A direct industry comparison cannot be performed due to the unavailability of industry average data. Without these benchmarks, it is challenging to contextualize whether Expedia's premium valuation is justified relative to its online travel peers. The analysis is therefore limited to an absolute assessment based on the high multiples and negative growth indicator, suggesting potential overvaluation.
Volatility Risk: EXPE demonstrates elevated volatility risk with a beta of 1.382, indicating it tends to move approximately 38% more than the broader market. This is corroborated by a significant one-year maximum drawdown of -37.44%, highlighting substantial downside volatility and potential capital loss during market downturns.
Other Risks: The absence of notable short interest removes a potential catalyst for sharp price spikes, but reliance on discretionary consumer travel leaves EXPE exposed to macroeconomic and geopolitical shocks. While liquidity is typically robust for a company of its size, its core business remains highly sensitive to changes in consumer confidence and travel demand.
Based on the analysis, I maintain a bearish view on EXPE. The combination of declining quarterly profitability, concerning valuation metrics (forward P/E over 42), and negative analyst consensus outweighs its operational strengths. Technical indicators also show significant underperformance and downside pressure. This stock may only suit highly risk-tolerant investors speculating on a deep-value turnaround, as near-term headwinds appear substantial.
Based on these metrics, EXPE appears overvalued. Key valuation multiples are elevated, including a Forward PE of 42.4 and a deeply negative PEG ratio, which signals that the market price is disconnected from its earnings growth prospects. This premium valuation seems unjustified given the company's recent profitability compression, high financial leverage, and low asset turnover efficiency. The stock is priced for significant growth that recent operational performance does not currently support.

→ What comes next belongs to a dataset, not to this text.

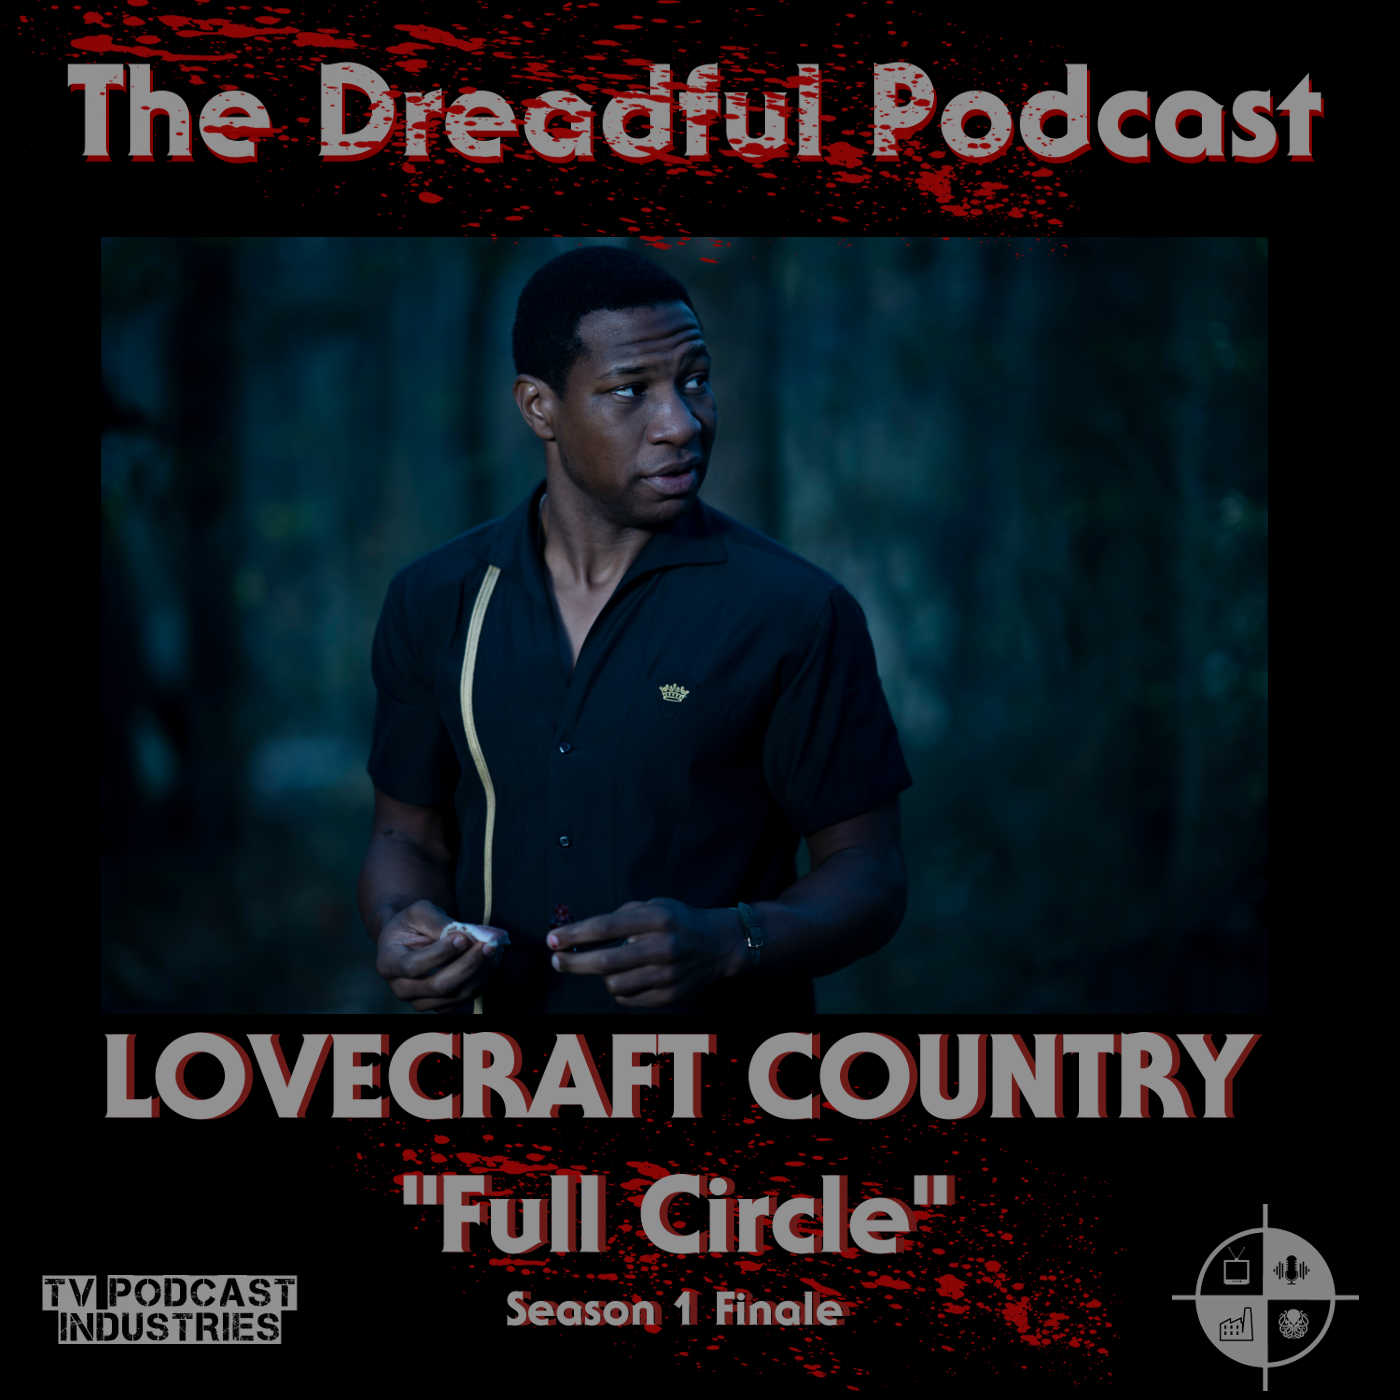 Lovecraft Country Episode 10 “Full Circle” Review

Based on the provided information, here are the key risks of holding EXPE, ordered by importance:
1. High Sensitivity to Macroeconomic Conditions: The core travel business is highly dependent on discretionary consumer spending, making it vulnerable to economic downturns, drops in consumer confidence, and geopolitical events that suppress travel demand. 2. Significant Financial Leverage: A high debt-to-equity ratio of 5.19 indicates substantial leverage, which increases financial risk and could strain cash flow, especially if profitability continues to compress. 3. Elevated Volatility and Downside Risk: With a beta of 1.38 and a maximum drawdown of -37.44%, the stock is prone to sharper price declines than the broader market during downturns, posing a substantial capital loss risk. 4. Profitability and Cost Control Pressures: A significant compression in the net income ratio (from 21.7% to 5.8%) highlights challenges in managing operating expenses, particularly selling and marketing costs, which threatens bottom-line performance.
Based on the provided analysis, my forecast for EXPE stock through 2026 is neutral with a cautiously optimistic upside. The target price ranges are: * Base Case (2026): $210 - $250 * Bull Case (2026): $280 - $330
Key growth drivers include successful cost-control measures to improve profitability and sustained demand for discretionary travel in a stable economic environment. The main assumptions are that operational execution improves and the company's high financial leverage does not become a significant burden. This forecast is highly uncertain, as EXPE's performance is extremely sensitive to macroeconomic conditions that impact travel spending and its ability to manage expenses effectively.